One of the most valuable questions that Disability Studies often calls us to ask, echoing Judith Butler's sentiments on Gilles Deleuze's important essay, is simply "What can a body do?" (Examined Life, 2008; Deleuze, 1992). At first glance, this reflection seems to speak to the normalized and normalizing conditions of the body and its actions–topics which have been tirelessly examined throughout the forging of the field. Yet, perhaps more interesting and more valuable are the ways in which the question bears upon, resists, or grinds up against the sociopolitical and cultural systems within which bodies function. A Critical Disability Studies approach, however, may suggest that the question, "what can a body do?" itself is incomplete, or, at least, inadequate to do this work. A better question might be "what can a body do to ____?" Critical Disability Studies frameworks allow us to fill in new, more flexible, more holistic, and more dissenting questions: what can a (disabled) body do to domesticity? What can it do to industry? To neoliberal capitalism? To national trajectories? When brought to bear on these political and cultural structures, we are provided a lens which destabilizes and denaturalizes, challenging the roles these factors play in producing a more equitable world.
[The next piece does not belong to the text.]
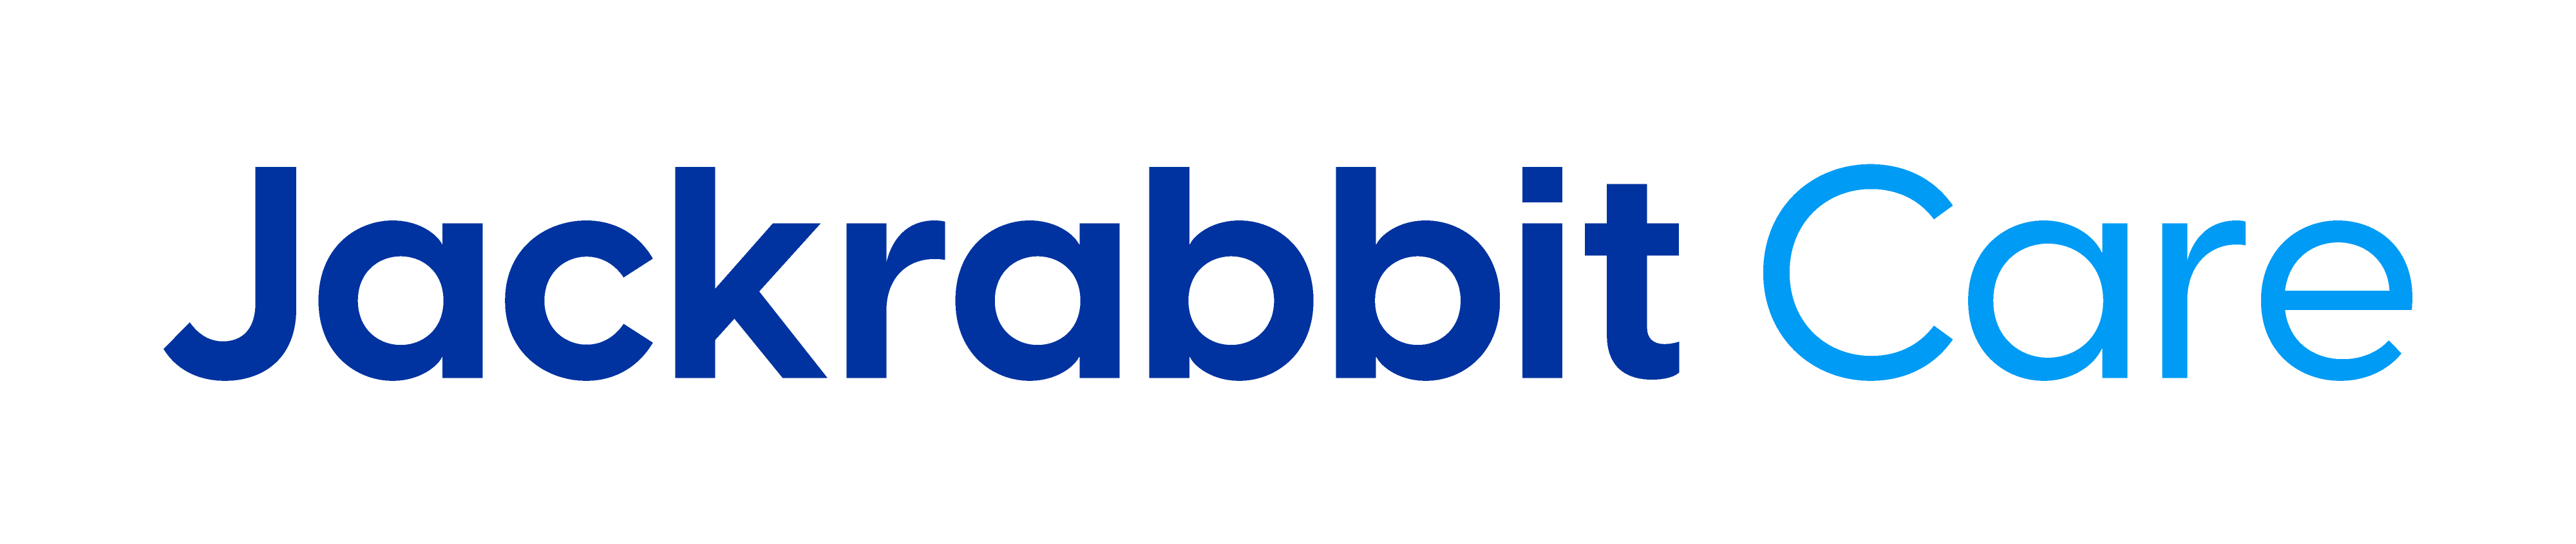 Jackrabbit Care 2D logo
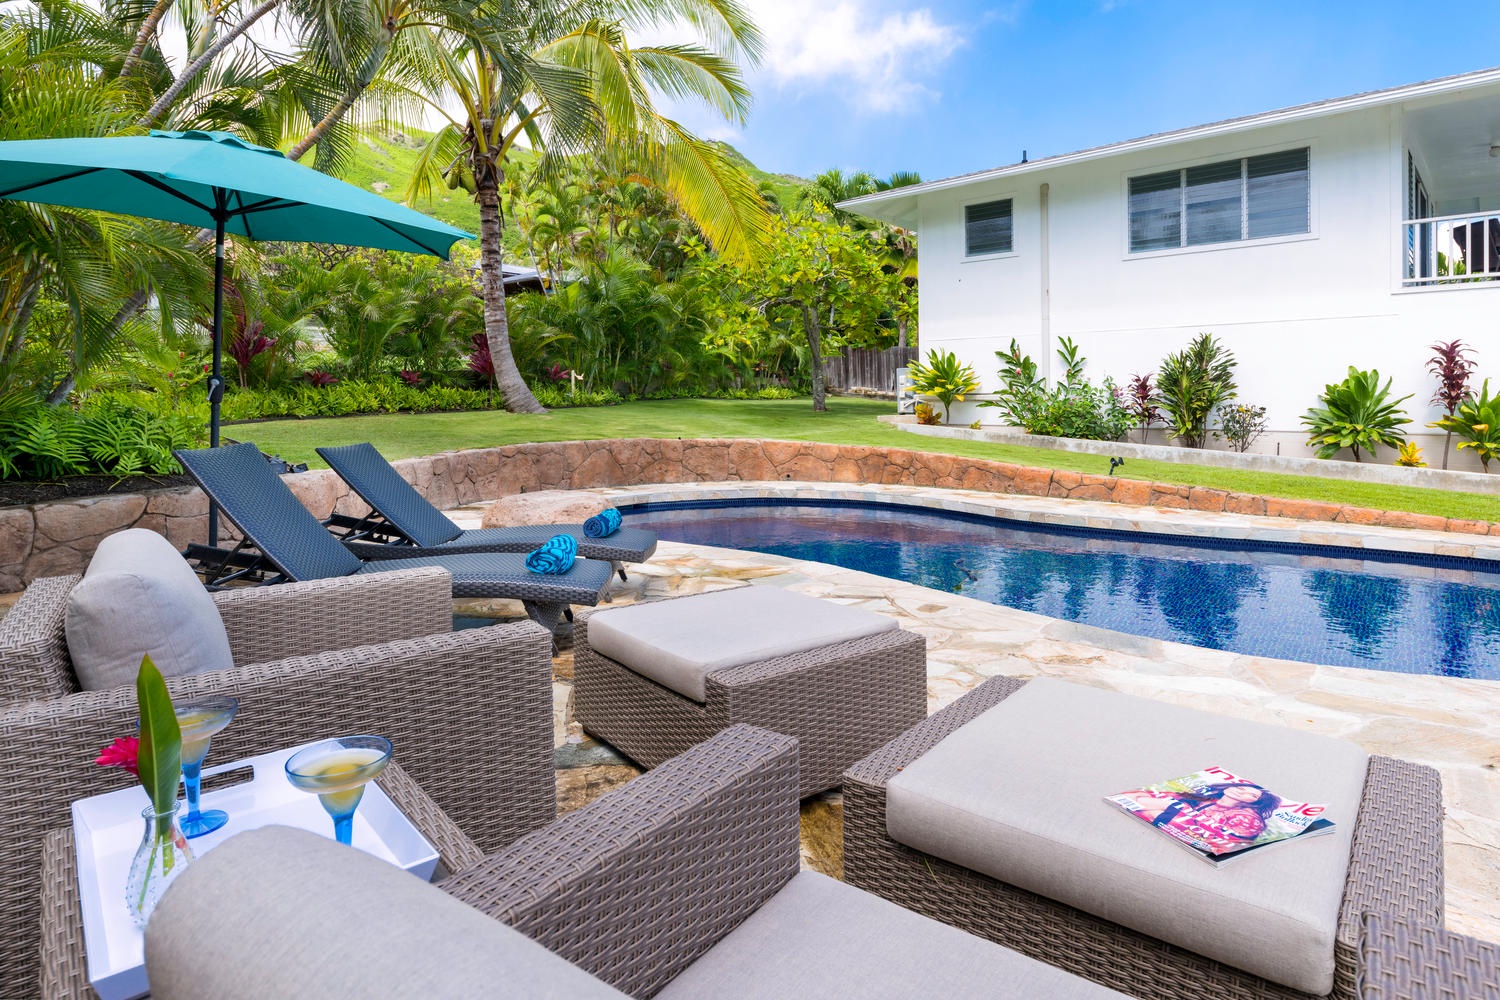 Kailua Vacation Rentals, Lanikai Cottage - Brand new in-ground pool!

In this way, the field of Critical Disability Studies pushes beyond the simple, sometimes anemic, often apolitical, analyses of Disability Studies, to address not only ableism, and disability oppressions, but also the ways in which disability frameworks can rupture the most basic foundations of modern social structures and political economies. It engages in the practice of imagining alternative futurities, marked not by the developmentalist narratives of mainstream liberal progressivism, but the atemporal horizon-building practices of radical dissent. The best works in Critical Disability Studies press themselves, in the words of Kateřina Kolářová (2014), to imagine "crip horizons"–alternative possibilities in which disability (and its interpretive frames, epistemologies, and ontologies) is rendered desirable, and the structures which surround it, profoundly contested. The potential of the field to shake up normative categories performs an apparent alchemy, drawing new disabled bodies and structures from their hiding in an obscuring able-bodied fold. This brand of Disability Studies, taking on a role as a future-dawned transformative practice, is necessarily interdisciplinary and coalitional. While the field may seek to lend its focus, naturally, to the phenomenon of disability, it must work to assess the ways in which disability oppressions emerge from and interact with other sociopolitical issues and fields of study. We may ultimately suggest that Critical Disability Studies is the following: an investment in the belief that a body, or rather, certain types of bodies, and the orientations which accompany them, can give way to coalitional, radical, alternatively-embodied horizons.

  • Deleuze, G. (1992) Expressionism in Philosophy: Spinoza. New York: Zone Books.
  • Kolářová, K. (2014) "The inarticulate post-socialist crip: On the cruel optimism of neoliberal transformations in the Czech Republic." Journal of Literary and Cultural Disability Studies 8(3), 257-274.
  • Marin, L. & Imperial, B. (Producers), Taylor, A. (Director). (2008). Examined Life [Motion Picture]. United States: Zeitgeist Films.